***Set up:*** Let's define the default font sizes to make the figures prettier.

In [2]:
import matplotlib.pyplot as plt

plt.rc('font', size=14)
plt.rc('axes', labelsize=14, titlesize=14)
plt.rc('legend', fontsize=14)
plt.rc('xtick', labelsize=10)
plt.rc('ytick', labelsize=10)

In [3]:
import numpy as np
from sklearn.datasets import fetch_openml # download real-life datasets

np.random.seed(42)

mnist = fetch_openml('mnist_784', as_frame=False)

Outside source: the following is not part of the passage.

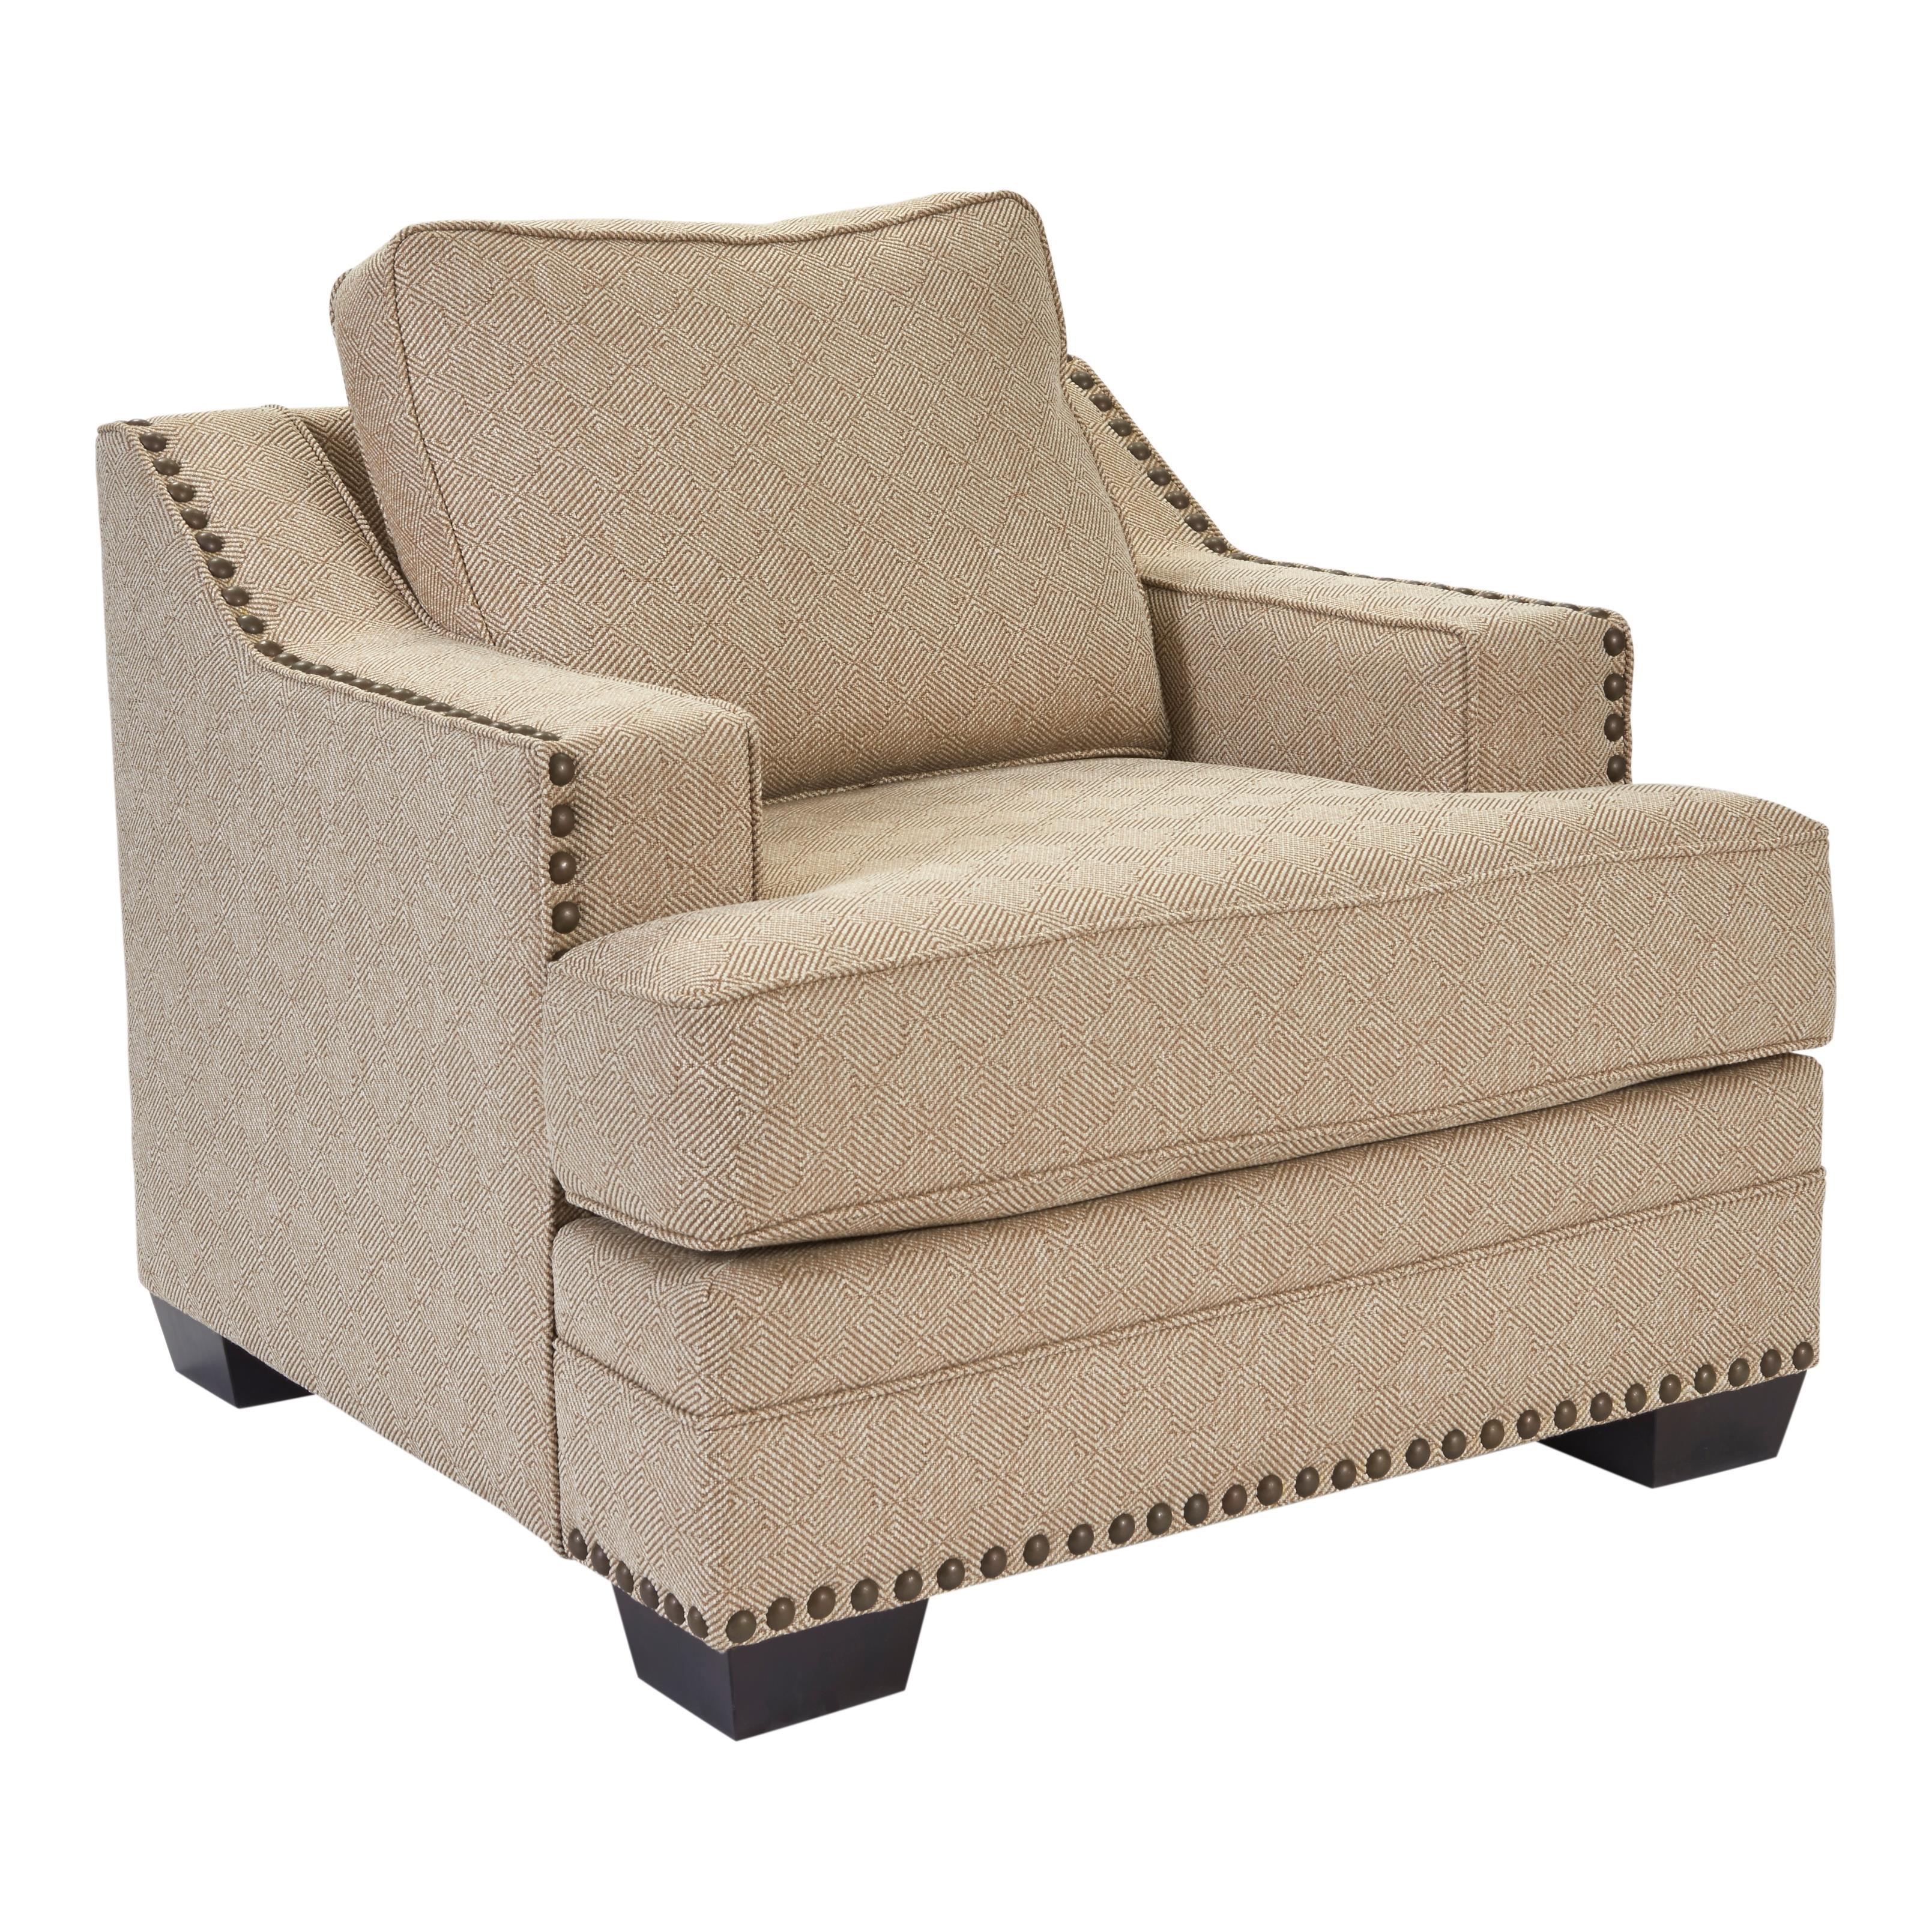 Broyhill Furniture Estes Park Chair - Item Number: 4263-0-4263-82

X, y = mnist.data, mnist.target

X_train, X_test, y_train, y_test = X[:60000], X[60000:], y[:60000], y[60000:] # split the data into training and test sets

### **Training a Binary Classifier.**

First, we need to simplify problem and only try to identify one digit. "5-detector" will be an example of classifier a binary classifier.

In [4]:
y_train_5 = (y_train == '5') # True for all 5s, False for all other digits
y_test_5 = (y_test == '5')

Now let’s pick a classifier and train it. A good place to start is using a stochastic gradient descent [`Scikit-Learn’s SGDClassifier`](https://scikit-learn.org/stable/modules/generated/sklearn.linear_model.SGDClassifier.html) class.

In [5]:
from sklearn.linear_model import SGDClassifier

sgd_clf = SGDClassifier(random_state=42)
sgd_clf.fit(X_train, y_train_5)

In [6]:
sgd_clf.predict([X[0]])

array([ True])

## **Performance Measures.**

### **1. Measuring Accuracy Using Cross-Validation:**

Let’s use the `cross_val_score()` function to evaluate our `SGDClassifier` model, using k-fold cross-validation with three folds. Remember that k-fold cross-validation means splitting the training set into k folds (in this case, three), then training the model k times, holding out a different fold each time for evaluation.

In [7]:
from sklearn.model_selection import cross_val_score
cross_val_score(sgd_clf, X_train, y_train_5, cv=3, scoring='accuracy') # 3-fold cross-validation, accuracy as scoring metric

array([0.95035, 0.96035, 0.9604 ])

Implementing Cross-Validation:

In [8]:
from sklearn.model_selection import StratifiedKFold
from sklearn.base import clone

skfolds = StratifiedKFold(n_splits=3, shuffle=True, random_state=42)

for train_index, test_index in skfolds.split(X_train, y_train_5):
    clone_clf = clone(sgd_clf)
    X_train_folds = X_train[train_index]
    y_train_folds = y_train_5[train_index]
    X_test_fold = X_train[test_index]
    y_test_fold = y_train_5[test_index]

    clone_clf.fit(X_train_folds, y_train_folds)
    y_pred = clone_clf.predict(X_test_fold)
    n_correct = sum(y_pred == y_test_fold)
    print((n_correct / len(y_pred)))

0.9669
0.91625
0.96785


`Stratifiedkfold` is a tool in the Scikit-learn library used to divide data into training and tests during cross-validation. The special feature of `stratifiedkfold` is that it retains the distribution of layers in data when divided into folds.

When using `stratifiedkfold`, you specify the number of fold (`n_splits`) you want to create. Each fold will be made so that the proportion of layers in the data is originally maintained. This ensures that each fold has a good representation for different classes in data.

For example, if you have a set of data with 100 models and 2 layers (class 0 and 1), and you want to divide into 5 folds, `stratifiedkfold` will divide data so that each fold has 80% of the model of class 0 And 20% of the sample of grade 1. This helps ensure that each fold has a good representation for both classes.

To use `StratifiedKFold`, you need to transfer training data (`x`) and the corresponding label (`y`y) to the `split()` method. It will return the indicators of the samples in training and test for each fold. You can use these indicators to access the corresponding samples in the data.